# Spiral (Engrenages)



## HareBrain (Jun 9, 2012)

Just a heads-up for anyone who loved *The Wire* but thought it could do with more croissants, that series two of gritty French cop series *Spiral* begins a repeat run on BBC4 tonight (in, er, twenty minutes). It's great, and the cast includes an examining magistrate who looks almost exactly like a hunting heron, and implausibly stunning frecklefest Audrey Fleurot playing devious, corrupt (but with a heart of flint) lawyer Josephine Karlsson. Much better than all that depressing Scandinavian nonsense.


----------



## The Judge (Jun 9, 2012)

HareBrain said:


> ... implausibly stunning frecklefest Audrey Fleurot playing devious, corrupt (but with a heart of flint) lawyer...

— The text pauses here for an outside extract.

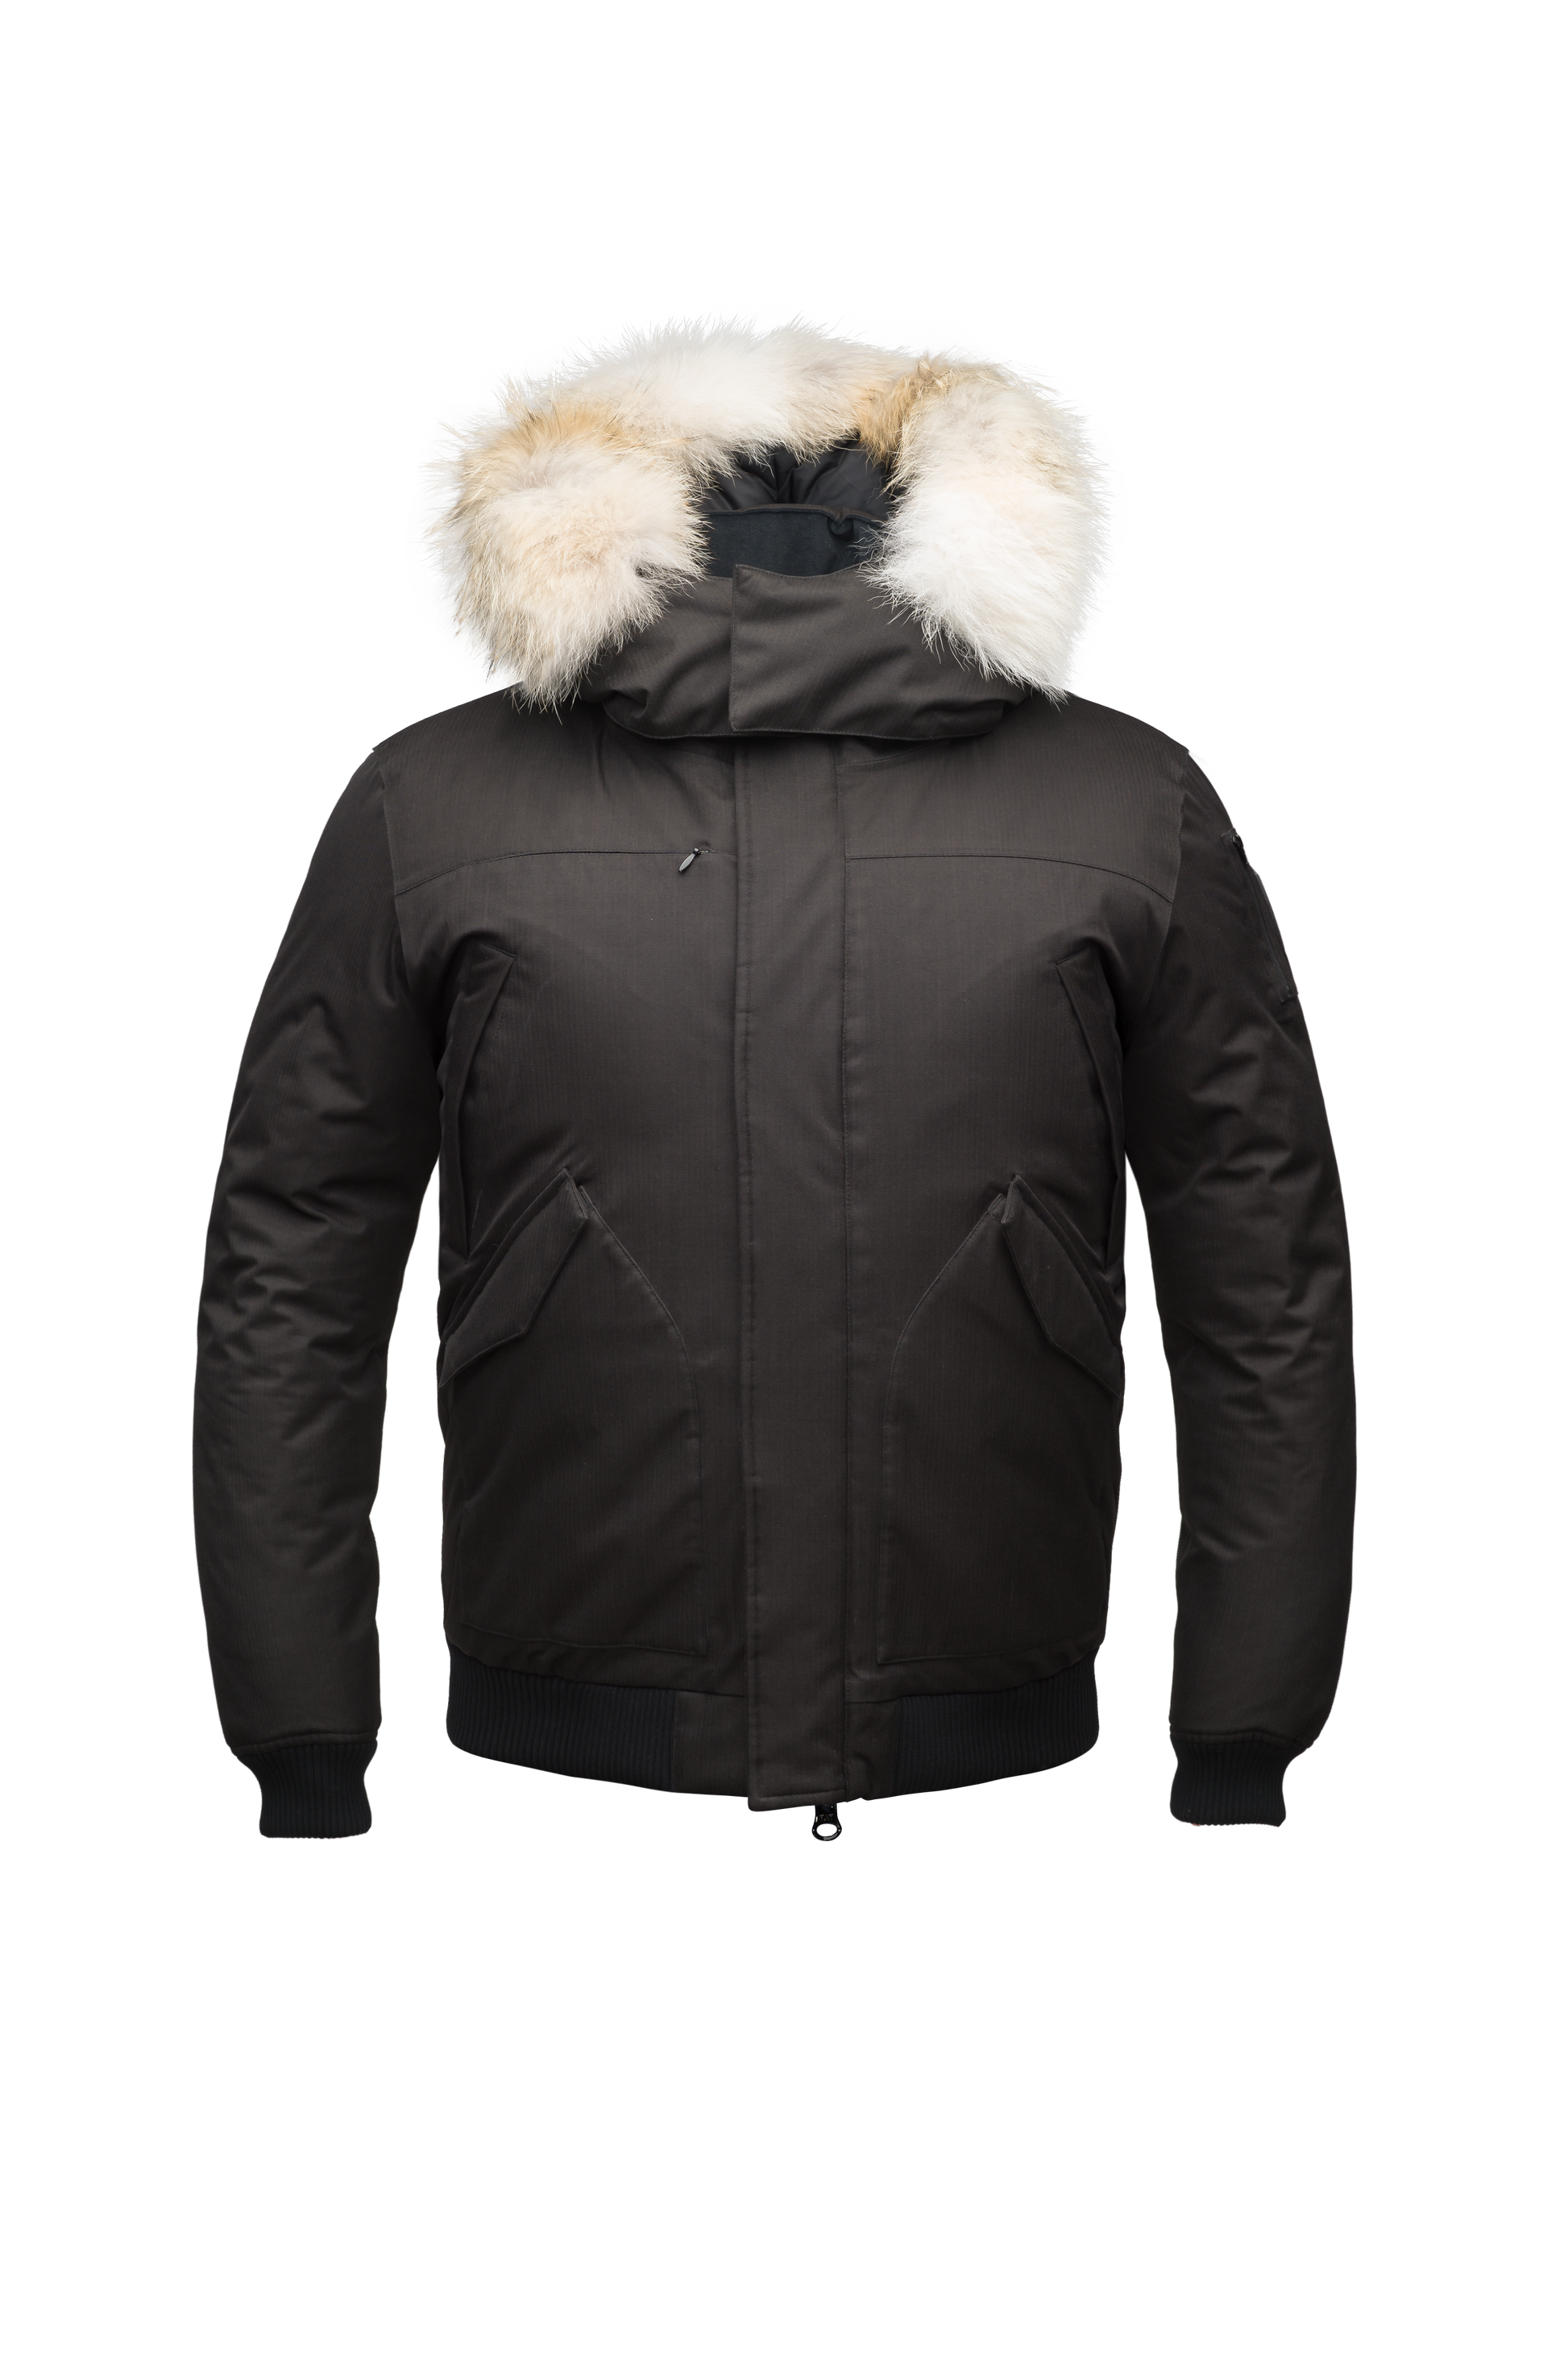 Men's classic down filled bomber jacket with a down filled hood that features a removable coyote fur trim and concealed moldable framing wire in Black

I feel I should sue them for libel.  I don't have freckles.

Thanks for this.  I'll tell the other half, as he watched some of the Scandaglooms.


----------



## Gary Compton (Jun 9, 2012)

The Judge said:


> I'll tell the other half, as he watched some of the Scandaglooms.



You know when you are sitting in your living room and your not so better half wants to watch the footie. Does he pipe up, 'Permission to address the court your honour?'

Just wondered.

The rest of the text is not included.